THF was distilled under nitrogen from benzophenone ketyl prior to use. Hexane, benzene, and toluene were dried over sodium metal and distilled before use. 1,3-Dimethylthiourea, 1,3-diphenylthiourea, and imidazole-2-thiol were purchased from Sigma-Aldrich. Et 3 SiOCH 2 NMe 2 was synthesized by the reported method [11]. The NMR spectra were recorded on 300 MHz Bruker spectrometer in CDCl 3 . The SC-XRD analysis of 7 was performed using a Bruker Venture Duo diffractometer with a micro-source and a Photon 200 detector, and the data for 11 were collected on a Bruker APEX CCD diffractometer. Both structures were solved using APEX3 crystallography software suite [12].

A 20 mL round-bottom flask was charged with 0.125 g (1.25 mmol) of imidazole-2-thiol and 0.48 g (0.25 mmol) of 1 in 10 mL of dichloromethane. The solution was stirred overnight at room temperature. Volatiles were then removed under vacuum to leave a brown solid, repeated recrystallization of which from a mixture of hexane and dichloromethane gave a 0.7 : 1.0 mixture of 1-(dimethylamino)imidazole-2-thiol (6) and 1,3-bis(dimethylamino)imidazole-2-thiol (7). Repeating the reaction of 1 with imidazole-2-thio in 1 : 2 molar ratio in dichloromethane gave a 1 : 2 mixture of compounds 6 and 7, but using a larger excess of 1 (4-fold) gave compound 7 as a single product (yield 85%).

Reaction of Et 3 SiOCH 2 NMe 2 with 1,3-diphenylthiourea. A 20 mL round-bottom flask was charged with 0.165 g (0.88 mmol) of Et 3 SiOCH 2 NMe 2 and 0.2 g (0.88 mmol) of 1,3-diphenylthiourea in 10 mL of dichloromethane. The solution was stirred overnight at room temperature, after which the solvent and triethylsilanol were removed under vacuum to obtain 1-[(dimethylamino)methyl]-1,2-diphenylthiourea Ph• NH(C=S)NPhCH 2 NMe 2 (8), yield 80%. This new material is thermally labile and undergoes slow transformation even at room temperature.

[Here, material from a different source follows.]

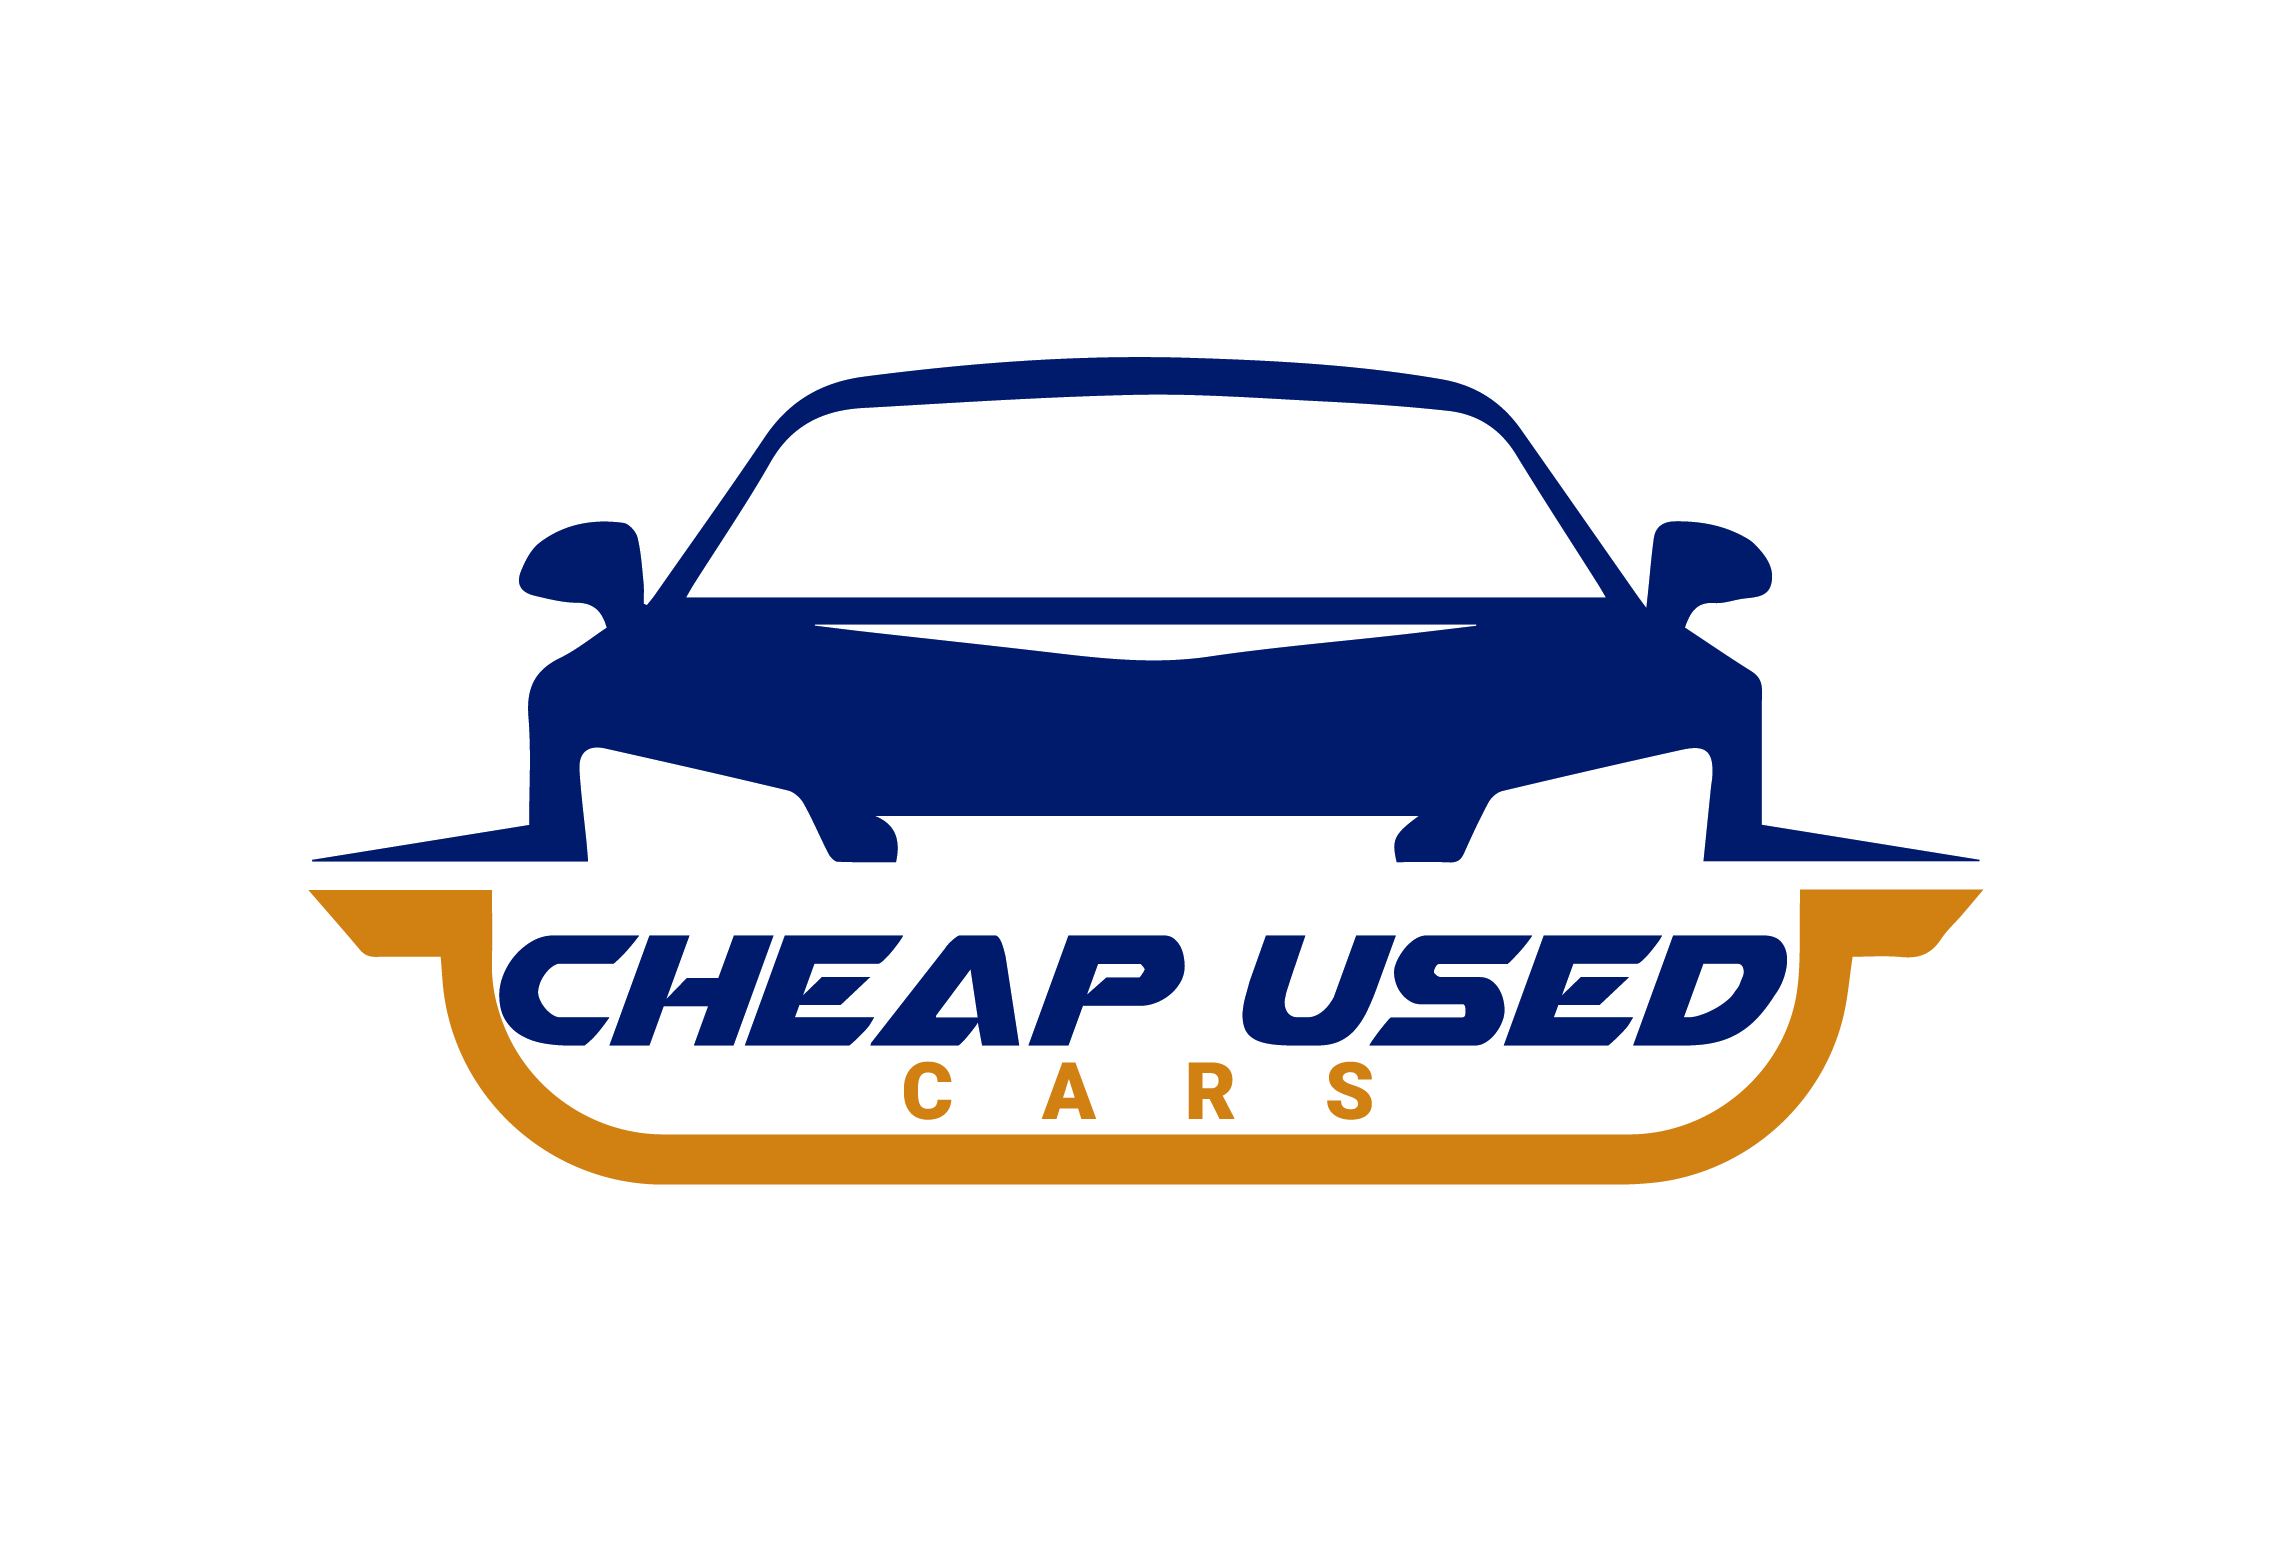 Cheap Used Cars | Used Cars for Sale | Pre Owned Vehicles

The reaction between 1 and 1,3-diphenyl thiourea in 2 : 1 molar ratio, too, resulted exclusive formation of 8; unexpectedly, no disubstituted product was obtained. Due to the limited thermal stability of 8, we could not perform its CHN analysis. 1

A Pyrex NMR tube was charged with 0.183 g (0.64 mmol) of compound 8 in 0.3 mL of CDCl 3 . The tube was sealed under vacuum and immersed in an oil bath maintained at 70°C. After 5 h, the 1 H, 29 Si and 13 C NMR monitoring showed a quantitative transformation of 8 to 1,1-dimethyl-3-phenylthiourea PhNH(C=S)NMe 2 (9) [8] and hexahydro-1,3,5-triphenyltriazine (PhNCH 2 ) 3 (10).

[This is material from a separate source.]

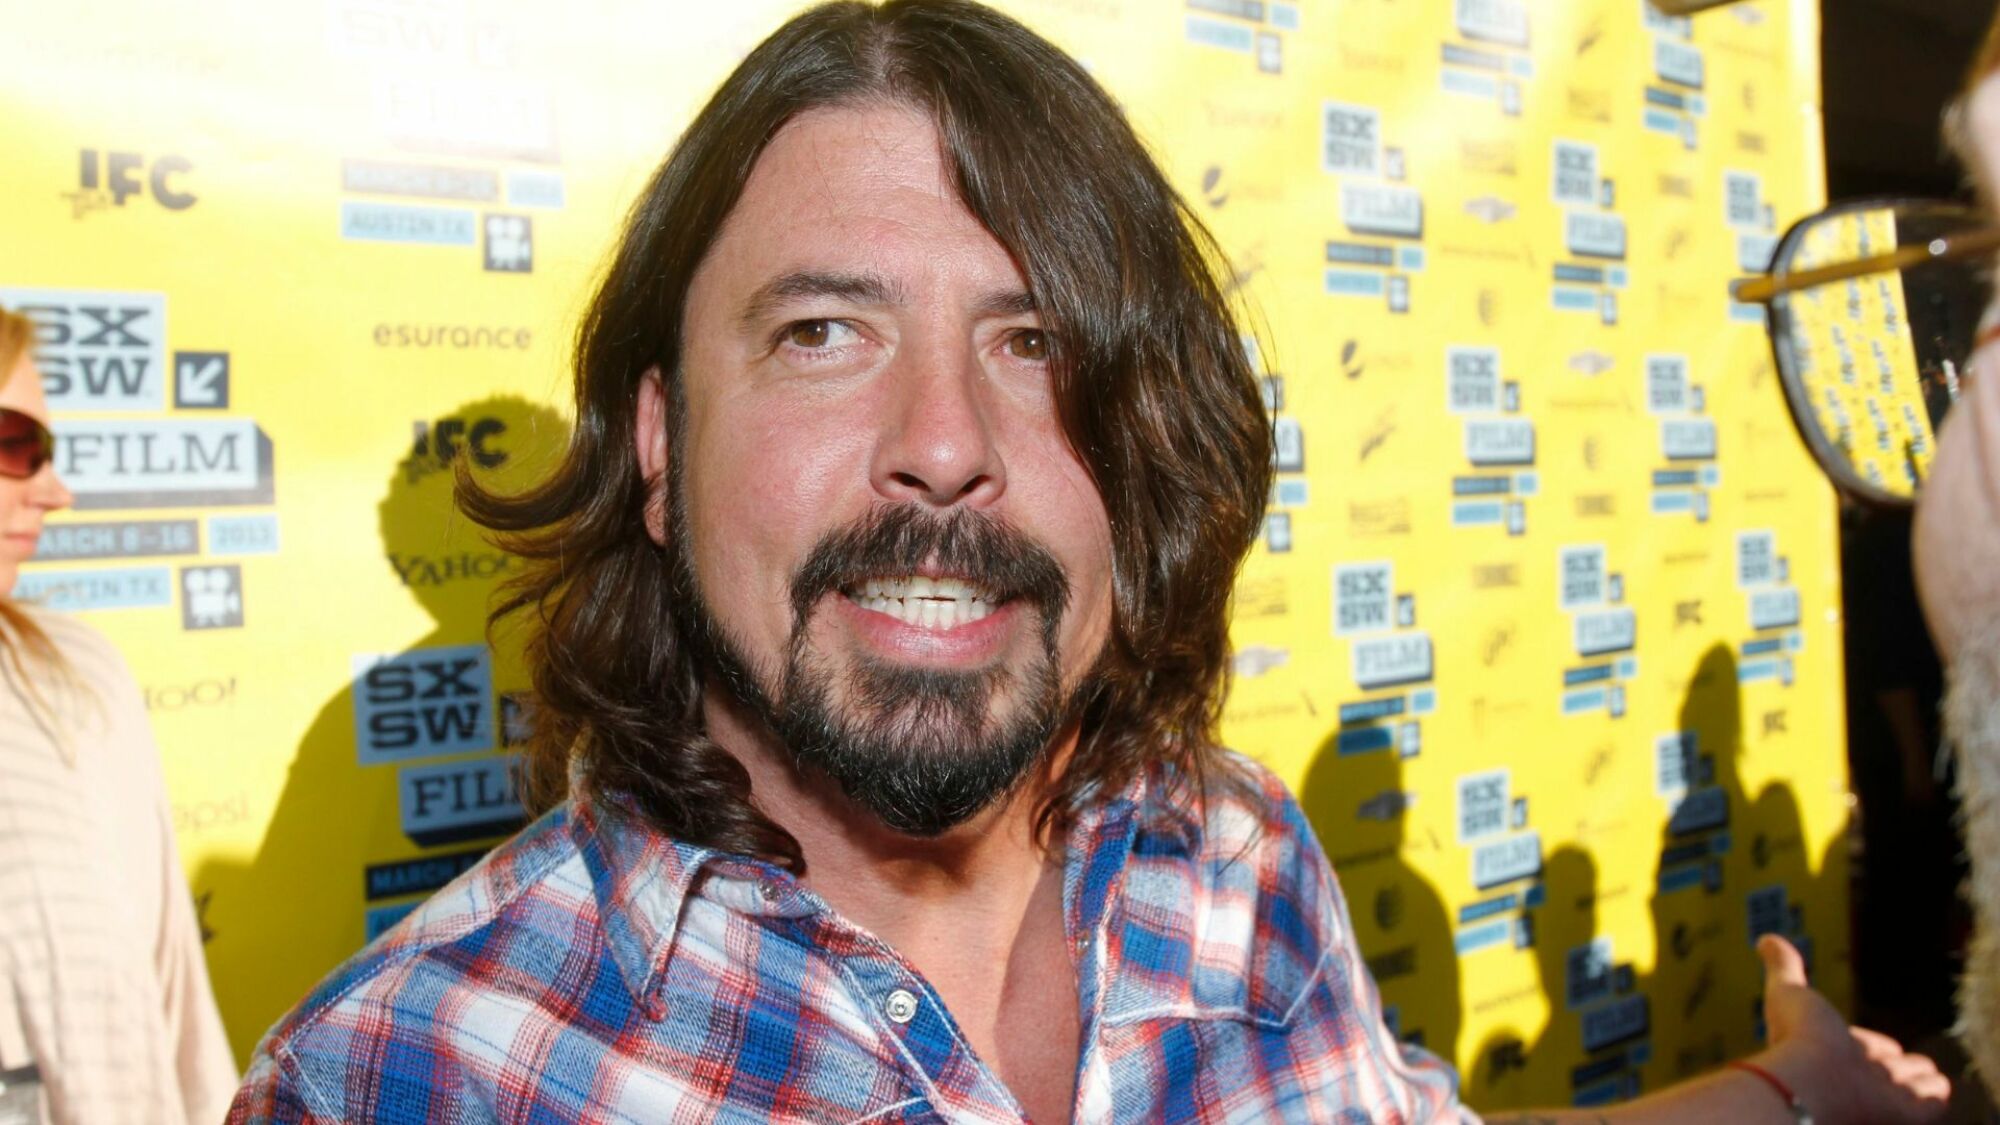 Dave Grohl arrives at a screening of his movie "Sound City" during the SXSW Film and Music Festival, on in Austin, Texas SXSW 2013

A 20 mL round-bottom flask was charged with a solution of 0.24 g (1.27 mmol) of 1 and 0.29 g (1.27 mmol) of 1,3-diphenylthiourea in 10 mL of dichloromethane. The solution was stirred overnight at room temperature. Excess of MeI (1 mL) was then added with a syringe to the reaction mixture. After 15 min of stirring, a white solid started to precipitate, and the reaction mixture was further stirred for 2 h. The solvent and triethylsilanol were removed under vacuum. The white solid was treated twice with 15 mL of hexane, the extract was filtered, and the solvent was removed to obtain methyl N,N-diphenylcarbamimidothioate PhN=C(SMe)NHPh (13), yield 62% yield, mp 106°C (107°C [13]).

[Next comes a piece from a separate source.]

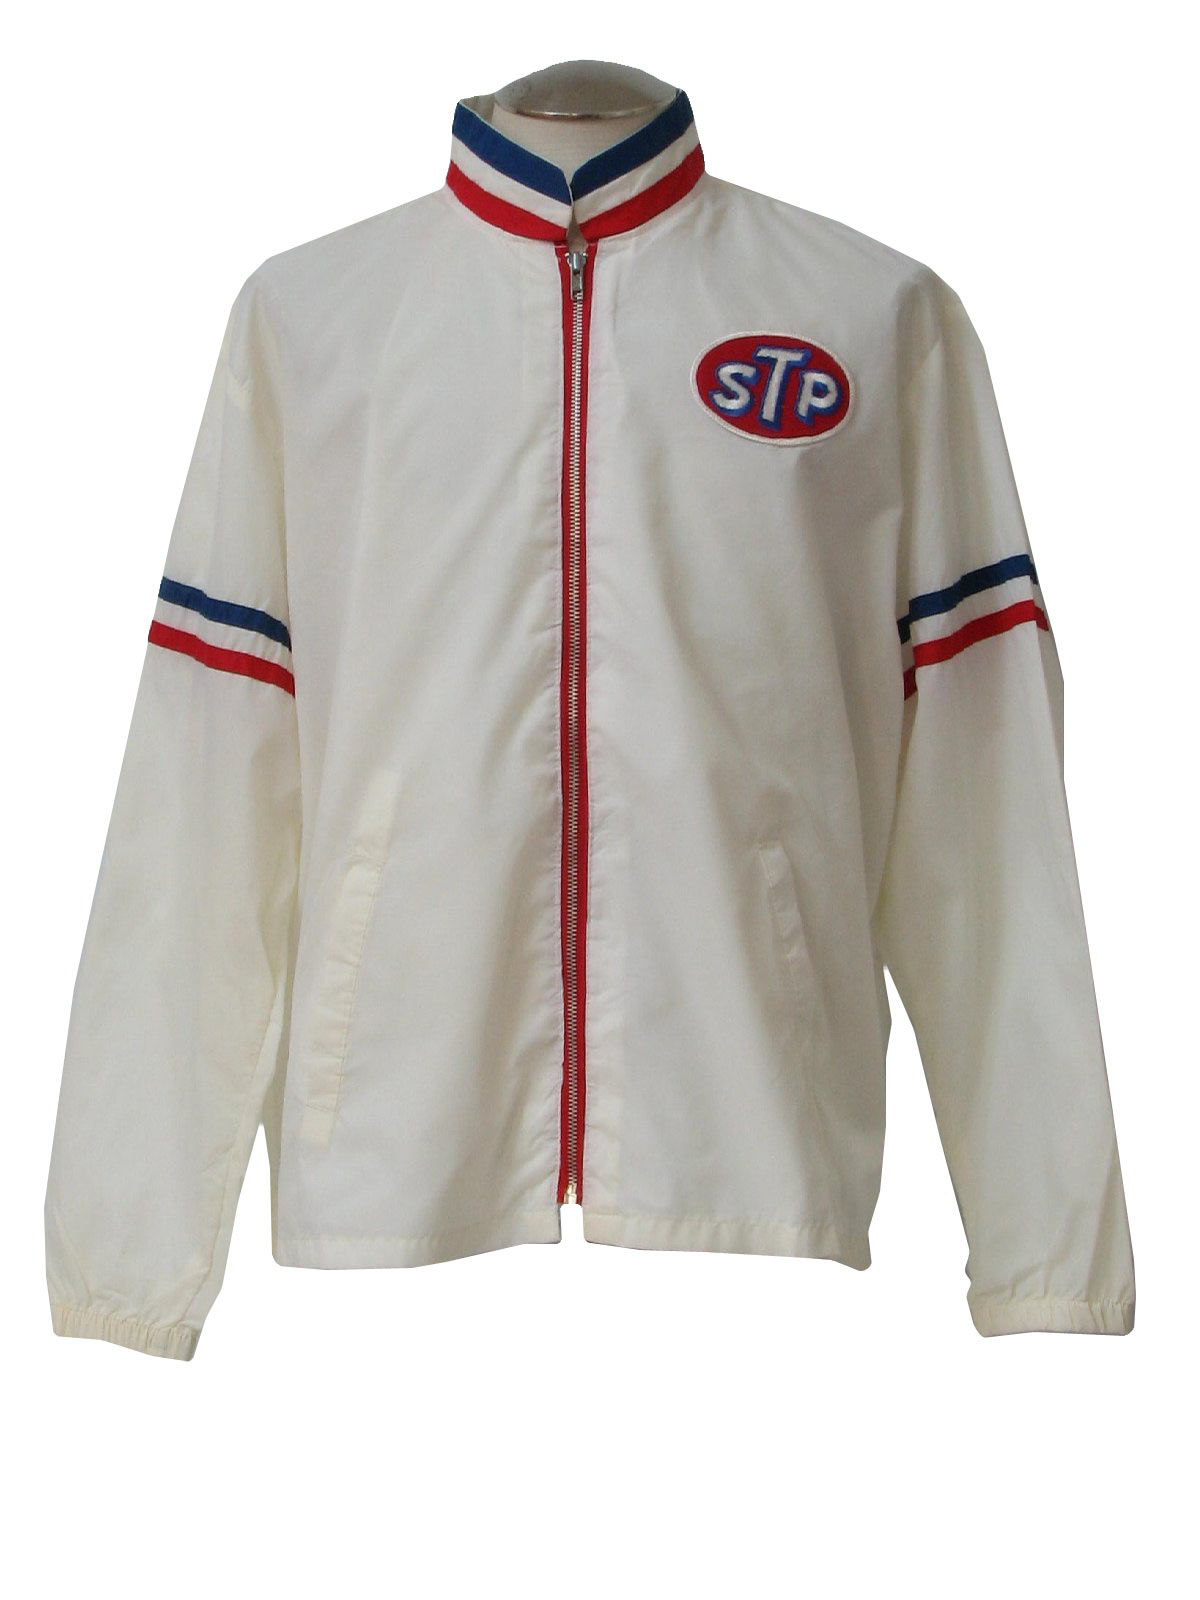 1970's Vintage Don Jac Jacket: 70s or early 80s -Don Jac- Mens white ...

Reaction of Et 3 SiOCH 2 NMe 2 with 1,3-dimethylurea. In a typical experiment, a 10 mL round-bottom flask was charged with 0.22 g (1.16 mmol) of Et 3 SiOCH 2 NMe 2 and 0.10 g (0.1.16 mmol) of 1,3-dimethyurea in 5 mL of dichloromethane. The reaction mixture was stirred overnight at room temperature. The solvent and triethylsilanol were removed under vacuum overnight to isolate 1-[(dimethylamino)methyl]-1,2-dimethylurea MeNH(C=O)NMeCH 2 NMe 2 as a colorless oil, yield 80% The material is thermally stable and does not undergo significant decomposition even on heating at 45°C for 2 days. 1 H NMR spectrum, δ, ppm: 2.13 s (6H, CH 3 ), 2.69 d (3H, CH 3 , J 4.8 Hz), 2.87 s (3H, CH 3 ), 3.51 s (2H, CH 2 ), 6.31 br.s (1H, NH). 13 C NMR spectrum, δ, ppm: 26.8 (Me), 35.6 (Me), 41.5 (N-Me 2 ), 73.9 (CH 2 ), 160.6 (C=O).

A similar reaction between Et 3 SiOCH 2 NMe 2 and 1,3-diphenylurea in different molar ratios in dichloromethane failed to yield any dimethylaminosubstituted product.